Original Article: ConcateStringAnd123 ConcateSepcialCharacter_!@# !@#$%^&*()_+ 0123456

['ConcateStringAnd123', 'ConcateSepcialCharacter_!@', '#', '!', '@#$%^&*()_+', '0123456']


First step of spaCy separates word by space and then applying some guidelines such as exception rule, prefix, suffix etc.

NLTK

In [14]:
import nltk
print('NTLK Version: %s' % nltk.__version__)

NTLK Version: 3.4


In [15]:
print('Original Article: %s' % (article2))
print()
print(nltk.word_tokenize(article2))

Original Article: ConcateStringAnd123 ConcateSepcialCharacter_!@# !@#$%^&*()_+ 0123456

['ConcateStringAnd123', 'ConcateSepcialCharacter_', '!', '@', '#', '!', '@', '#', '$', '%', '^', '&', '*', '(', ')', '_+', '0123456']


The behavior is a little difference from spaCy. NLTK treats most of special character as a "word" except "_". Of course, number will be tokenized as well.

#### Stopwords

Spacy

In [16]:
# import a list of stop words from SpaCy
from spacy.lang.en.stop_words import STOP_WORDS

print('Number of Spacy stop words: %d' % len(list(STOP_WORDS)))
print('Example stop words: {}'.format(list(STOP_WORDS)[0:10]))

Number of Spacy stop words: 312
Example stop words: ['make', 'therein', 'we', 'quite', 'serious', 'hundred', 'again', 'most', 'enough', 'more']


In [17]:
# removing stopwords
article = 'In computing, stop words are words which are filtered out before or after processing of natural language data (text).[1] Though "stop words" usually refers to the most common words in a language, there is no single universal list of stop words used by all natural language processing tools, and indeed not all tools even use such a list. Some tools specifically avoid removing these stop words to support phrase search.'

doc = spacy_nlp(article)
tokens = [token.text for token in doc if not token.is_stop]
print('Original Article: %s' % (article))
print()
print(tokens)

Original Article: In computing, stop words are words which are filtered out before or after processing of natural language data (text).[1] Though "stop words" usually refers to the most common words in a language, there is no single universal list of stop words used by all natural language processing tools, and indeed not all tools even use such a list.

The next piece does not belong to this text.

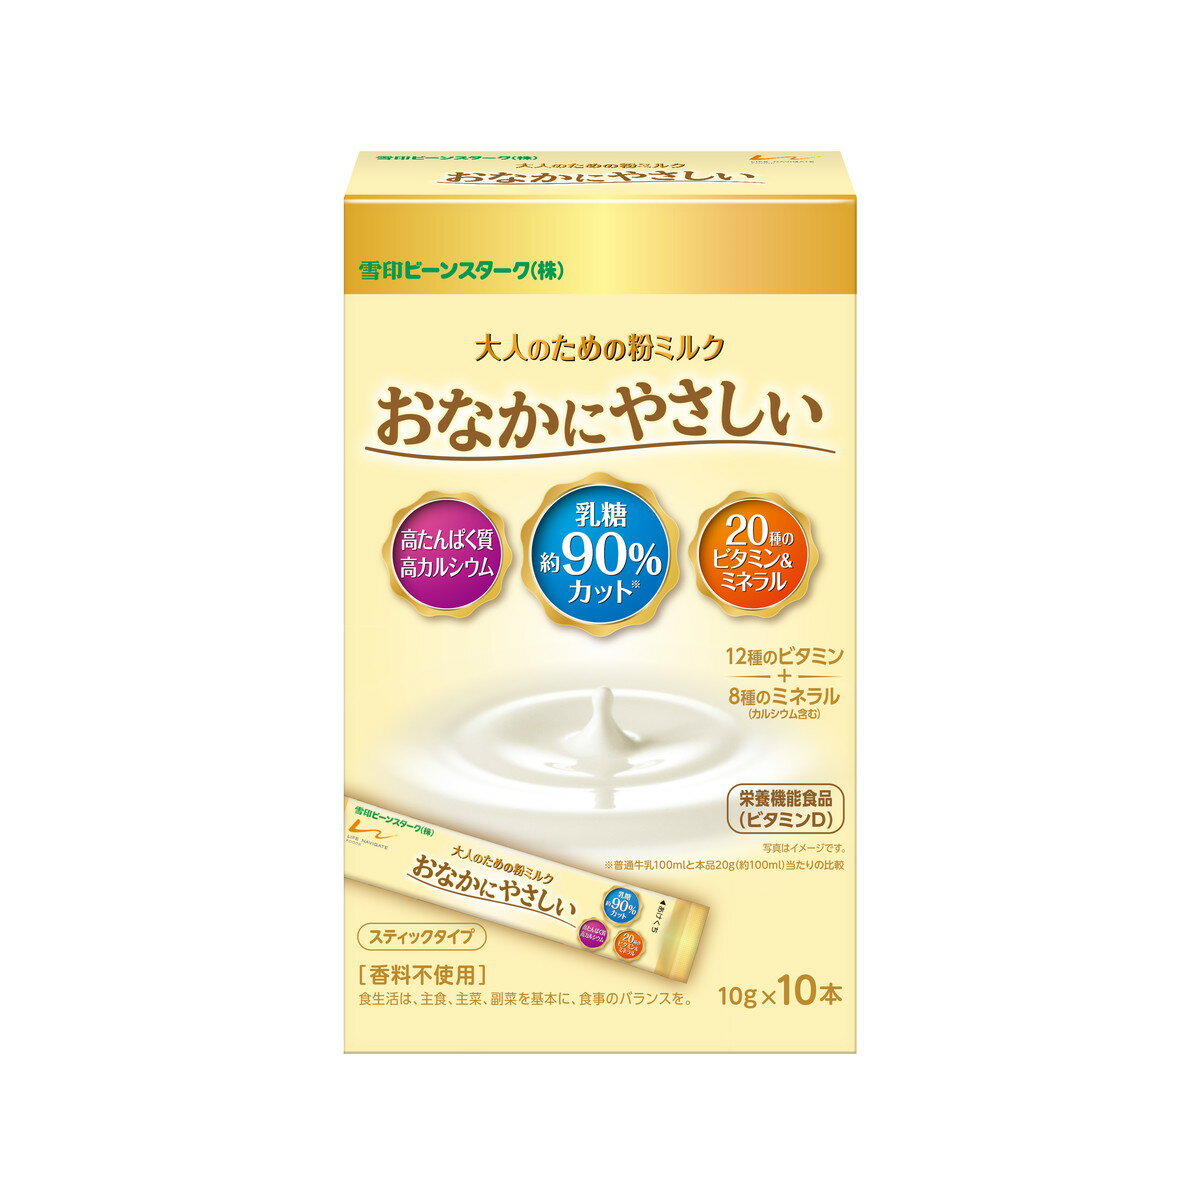 【送料込】 ビーンスターク 大人のための粉ミルク おなかにやさしい スティックタイプ 10本入 栄養機能食品 1個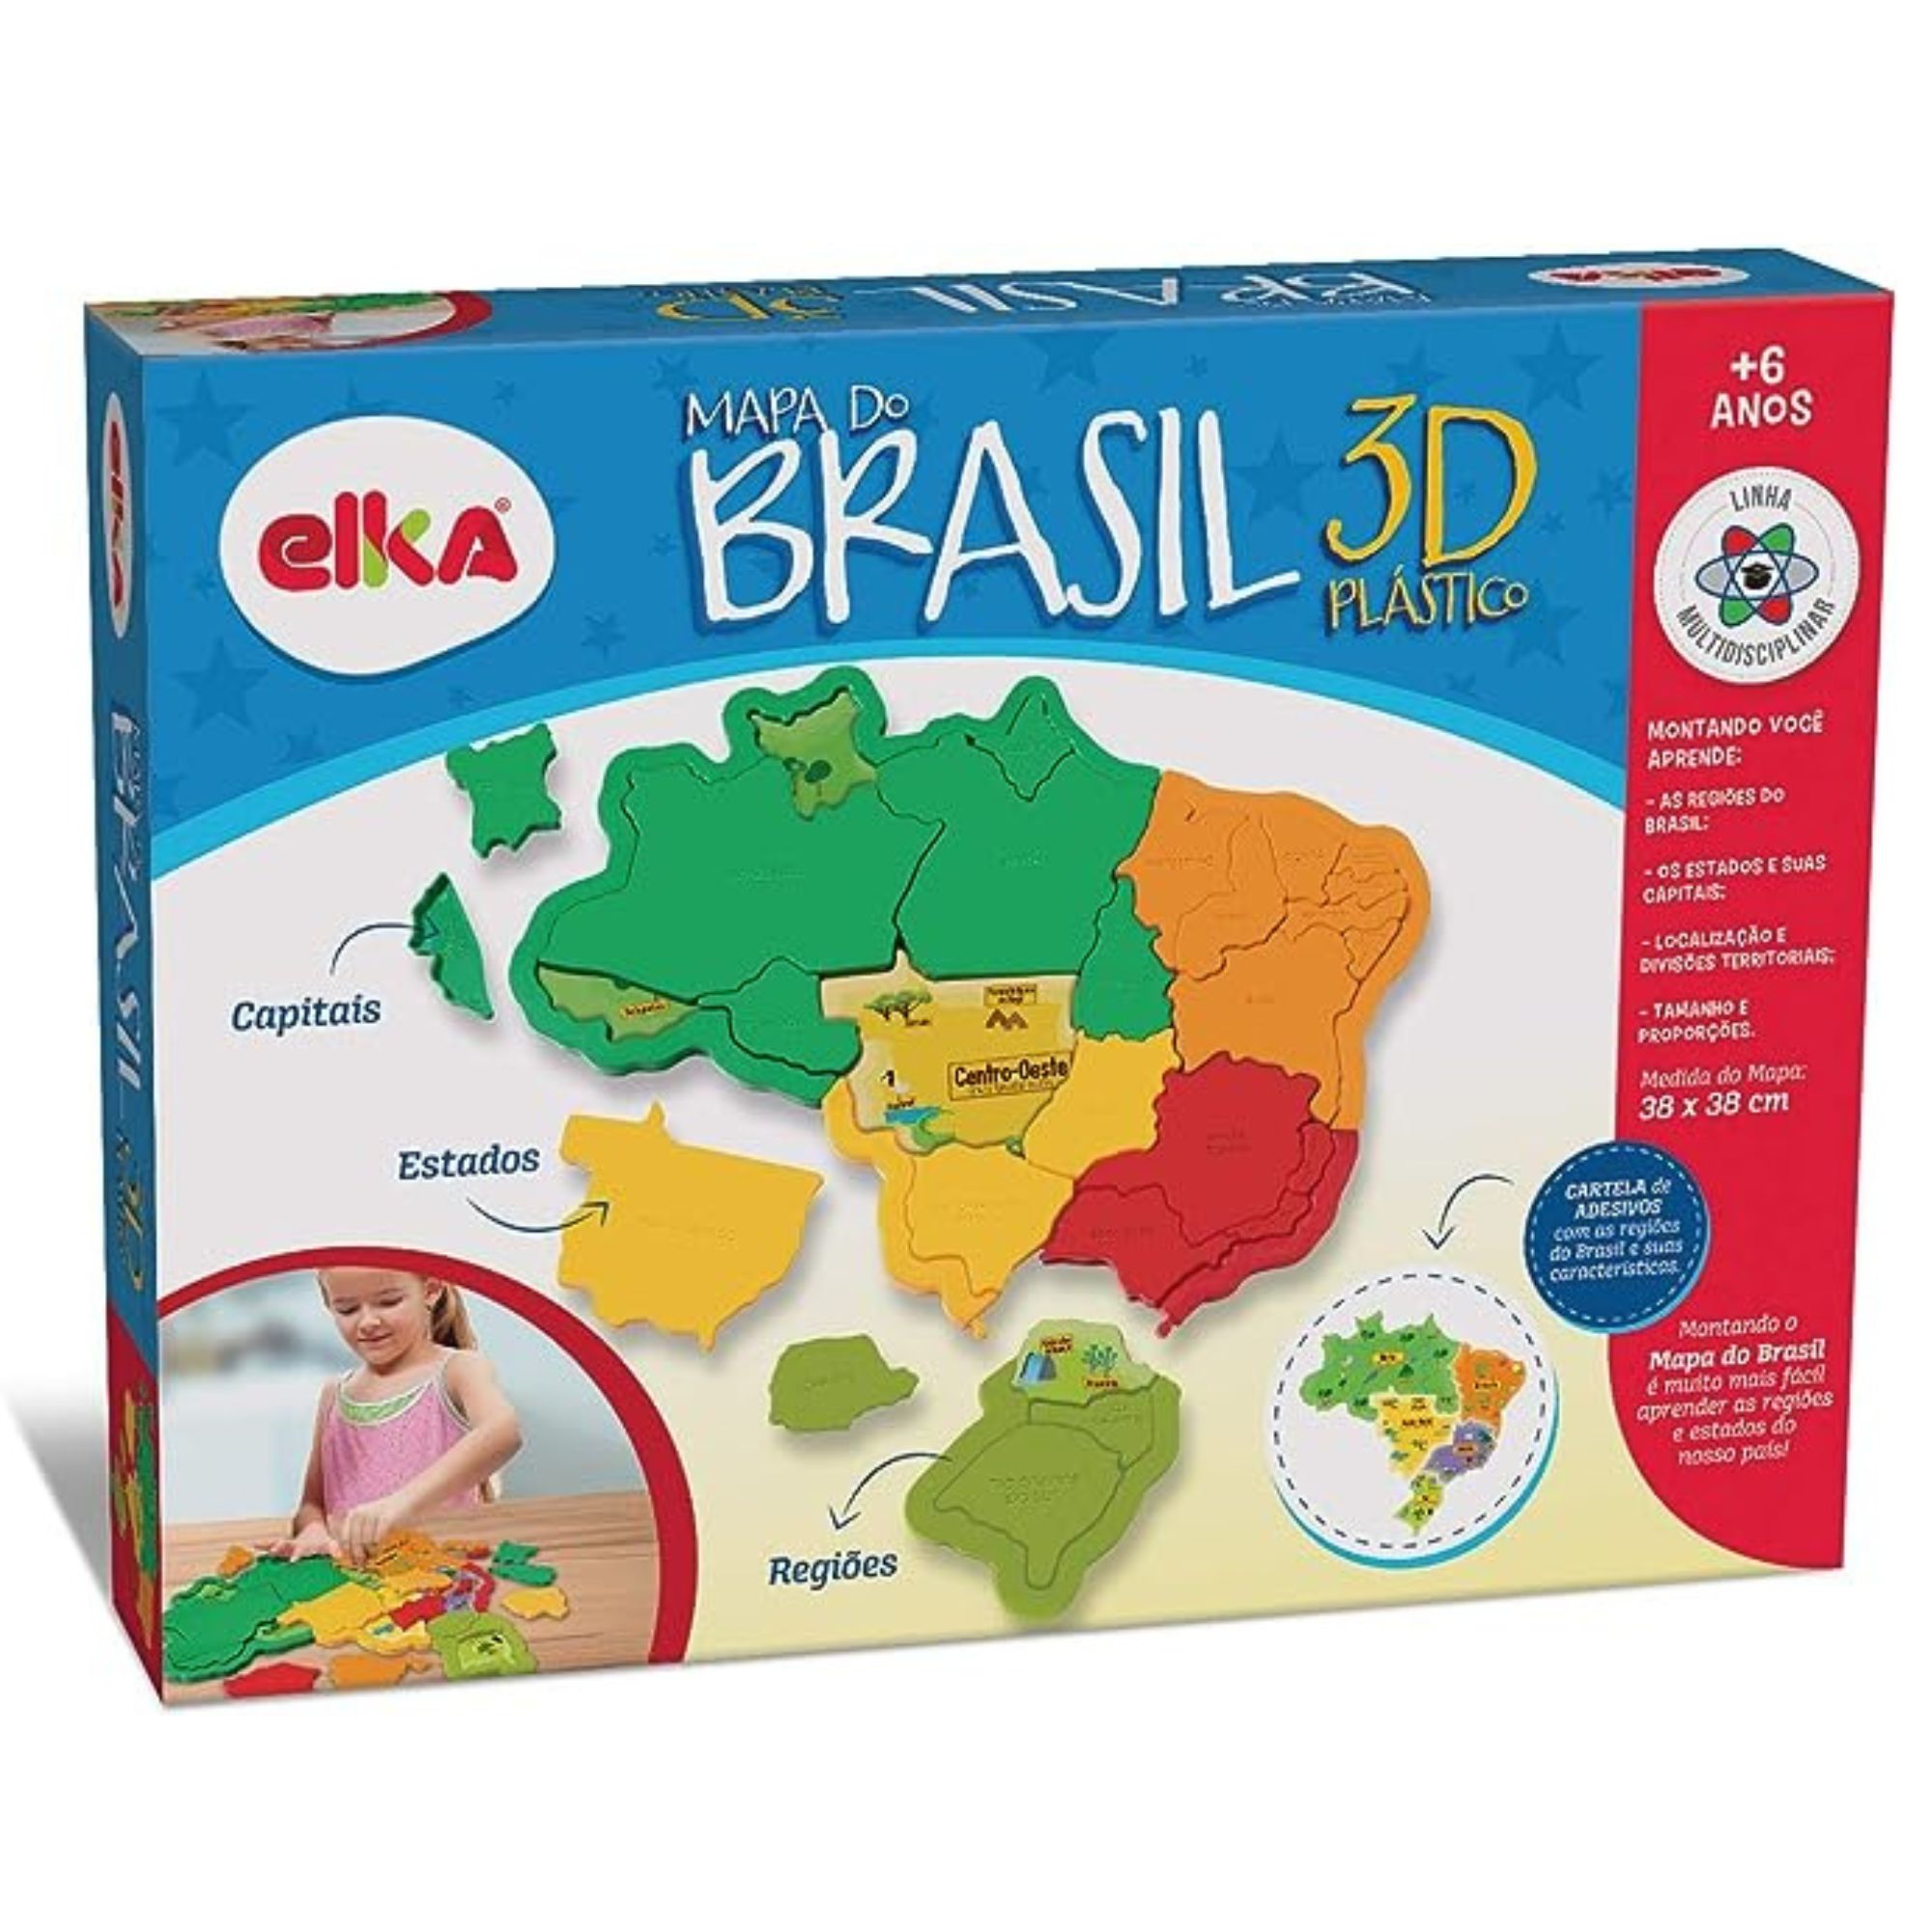 Mapa do Brasil 3D Plastico

Some tools specifically avoid removing these stop words to support phrase search.

['computing', ',', 'stop', 'words', 'words', 'filtered', 'processing', 'natural', 'language', 'data', '(', 'text).[1', ']', '"', 'stop', 'words', '"', 'usually', 'refers', 'common', 'words', 'language', ',', 'single', 'universal', 'list', 'stop', 'words', 'natural', 'language', 'processing', 'tools', ',', 'tools', 'use', 'list', '.', 'tools', 'specifically', 'avoid', 'removing', 'stop', 'words', 'support', 'phrase', 'search', '.']


In [18]:
# Add customize stop words

customize_stop_words = ['computing', 'filtered']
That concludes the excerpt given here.